After listening to Gov. Brian Sandoval’s speech today about his team’s strategy for economic development, I was struck by several components and extremely disappointed that he declined to take questions.

Now, let me get this straight-I like and respect Brian Sandoval very much. During my many conversations with him, I’ve always found him to be intelligent, engaging and sincere. I’ve also, on many occasions, praised most of the major policy initiatives he’s pursued as governor. This includes everything from performance-based budgeting to education reform.

However, as a free-market (and, especially, Austrian) economist, I have remained critical of his state-centric plan for economic development. This dissent has not been based on blind ideological adherence or unfounded assertions. Instead, the field of economic science has produced an overwhelming body of literature which concludes that similar efforts at state economic planning will produce an outcome that is sub-optimal to what the market would produce on its own. Ludwig von Mises became famous by pointing out that when government takes money out of the pockets of consumers and then relies on supposedly sage bureaucrats to distribute that money directly to private businesses in order to “create jobs,” there is no way for these bureaucrats to know what types of investment consumers would have preferred on their own. So, instead, they substitute their own, personal viewpoints for those of private consumers and force society to collectively subsidize industries from which consumers do not derive as much value as those that would be chosen through strictly market forces. The result is a net loss of consumer welfare and society suffers.

Sure, there is the visible sign of money moving from bureaucrats into the hands of those businessmen whom they favor. These businessmen then hire on workers, creating the visible manifestation of “jobs.” But these are jobs that produce less value than those that would be created if capital had not been diverted to the government in the first place.

Still, Sandoval, who may or may not understand these economic fundamentals, today defended his plan by alluding to other popular governors around the country who have implemented similar plans, including New Jersey Gov. Chris Christie and Texas Gov. Rick Perry. I found this defense troubling because economic illiteracy from one policymaker should not be used as a naked excuse for other policymakers to promote the same economic illiteracy.

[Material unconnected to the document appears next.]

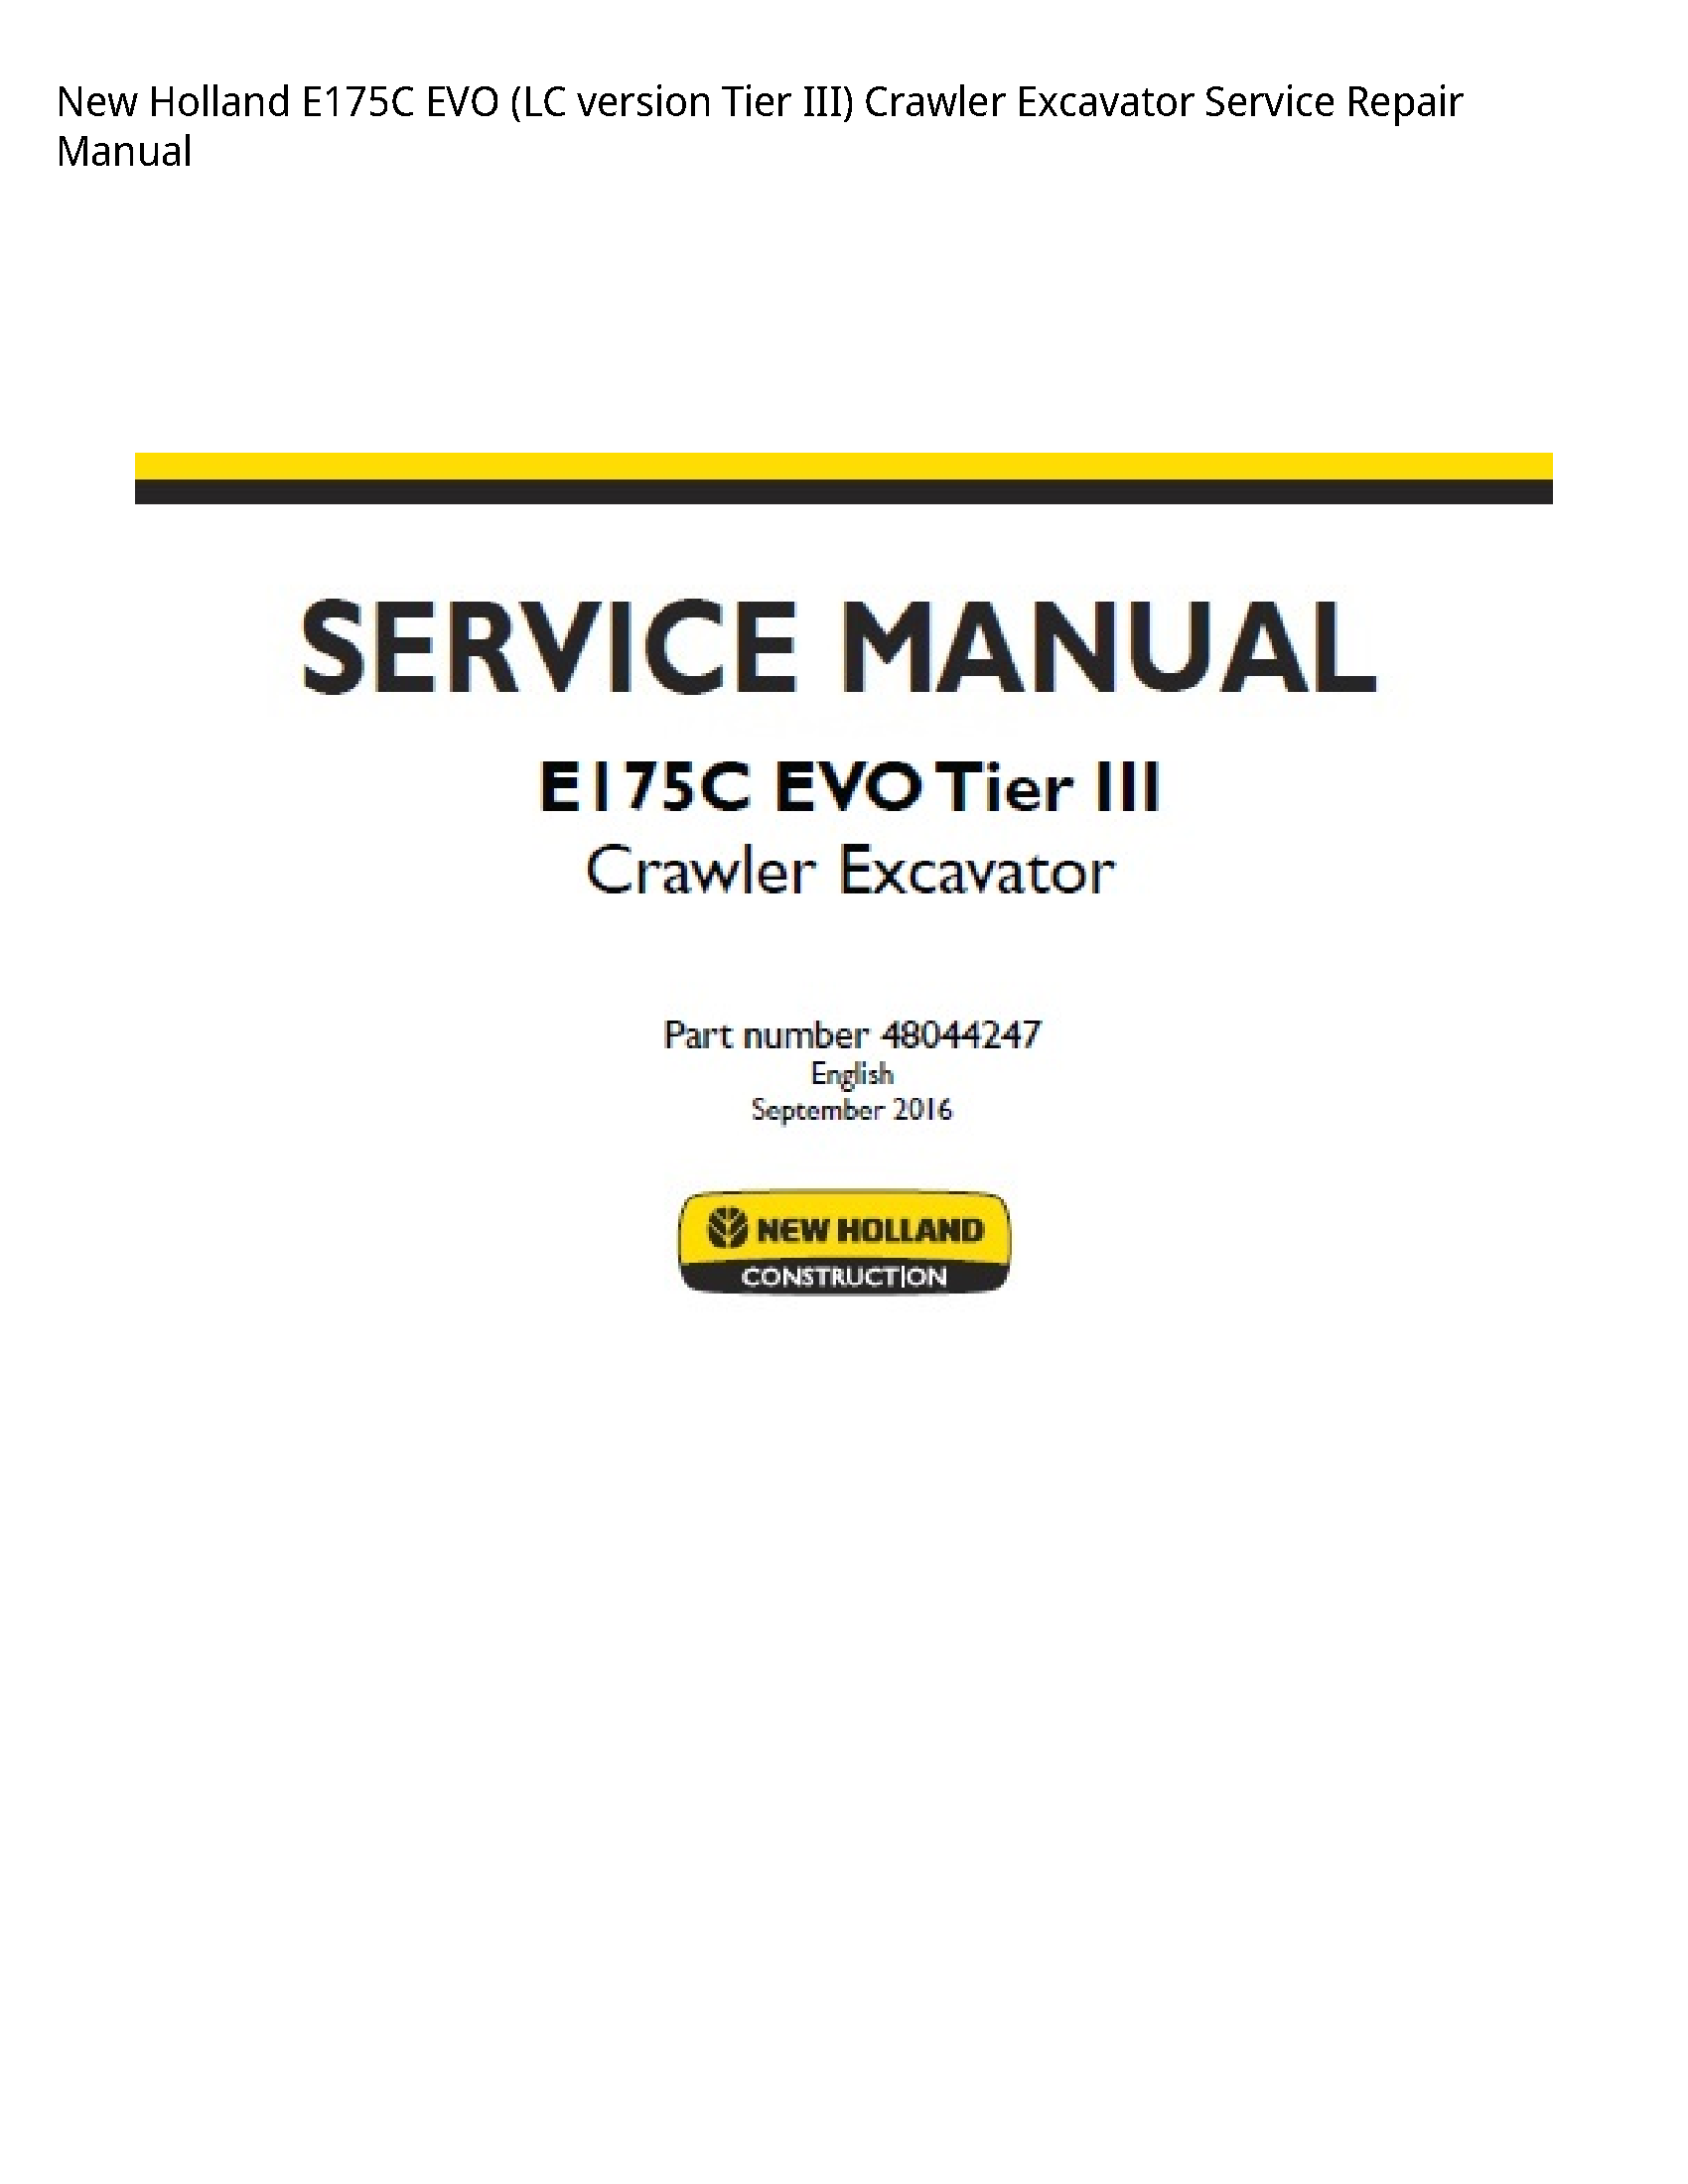 New Holland E175C EVO (LC version Tier III) Crawler Excavator manual

Sandoval claimed that the State of Nevada must subsidize private business if it is to “compete” on a national playing field where other states are also offering subsidies to lure notable large businesses. What he appeared to miss was that there is no zero-sum game in a free market. To create jobs and wealth in Nevada, he need not steal them from somewhere else.

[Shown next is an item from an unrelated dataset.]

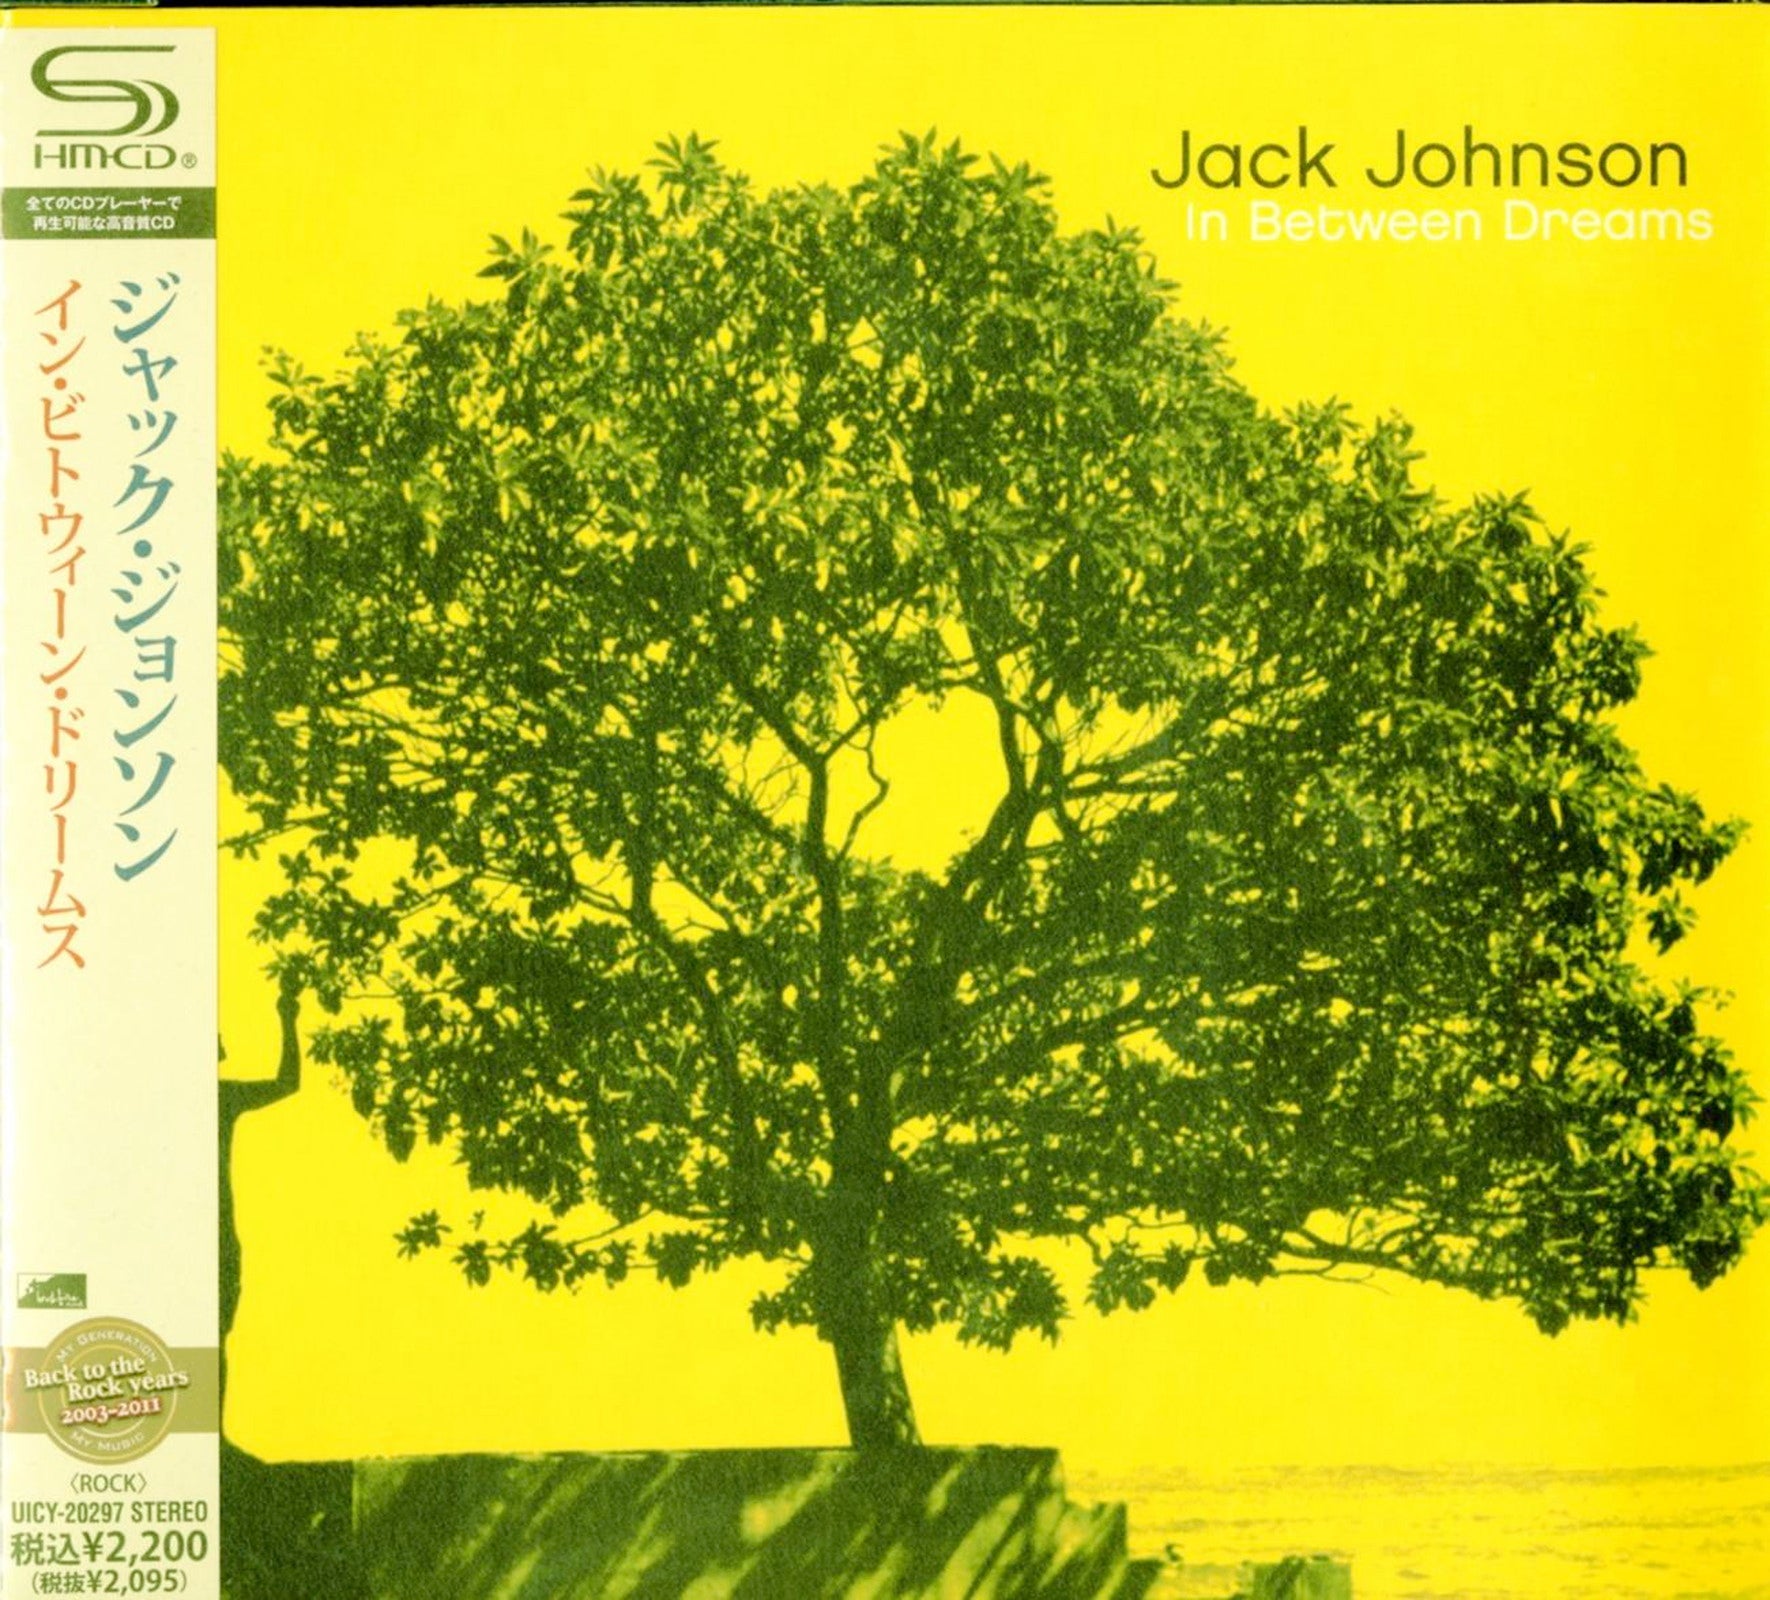 Jack Johnson「In Between Dreams」カセットテープ - レコード

In fact, Sandoval’s focus of recruiting large, out-of-state businesses to Nevada is a flawed approach for realizing his mission of “creating jobs,” given that large businesses tend to shed jobs over time, as research shows. In a dynamic, market economy, where entrepreneurs are continually innovating and displacing older producers, it is the growth of new businesses that contributes overwhelmingly to job creation. According to Kauffman Foundation research, job growth in the United States is “driven entirely by start-ups.”

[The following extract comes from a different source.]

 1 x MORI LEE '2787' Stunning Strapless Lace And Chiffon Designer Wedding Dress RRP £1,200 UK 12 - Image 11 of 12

Given this recognition, wouldn’t a more savvy approach to economic development focus on identifying and removing specific barriers to native entreprenuership? Does the governor really have so little faith in Nevada’s entrepreneurial class that he believes they cannot create wealth and jobs on their own?

It’s easy to be frustrated by Nevada’s persistently high unemployment rate. But, if one loses sight of the fact that Nevada finds itself in this situation precisely because of policy failures from government (albeit, primarily at the federal level), then one becomes suscepitble to the erroneous belief that Nevada’s economic malaise is due to the failure of its entrepreneurial class. Yet, this has not been the case and the governor should remain cognizant of that fact.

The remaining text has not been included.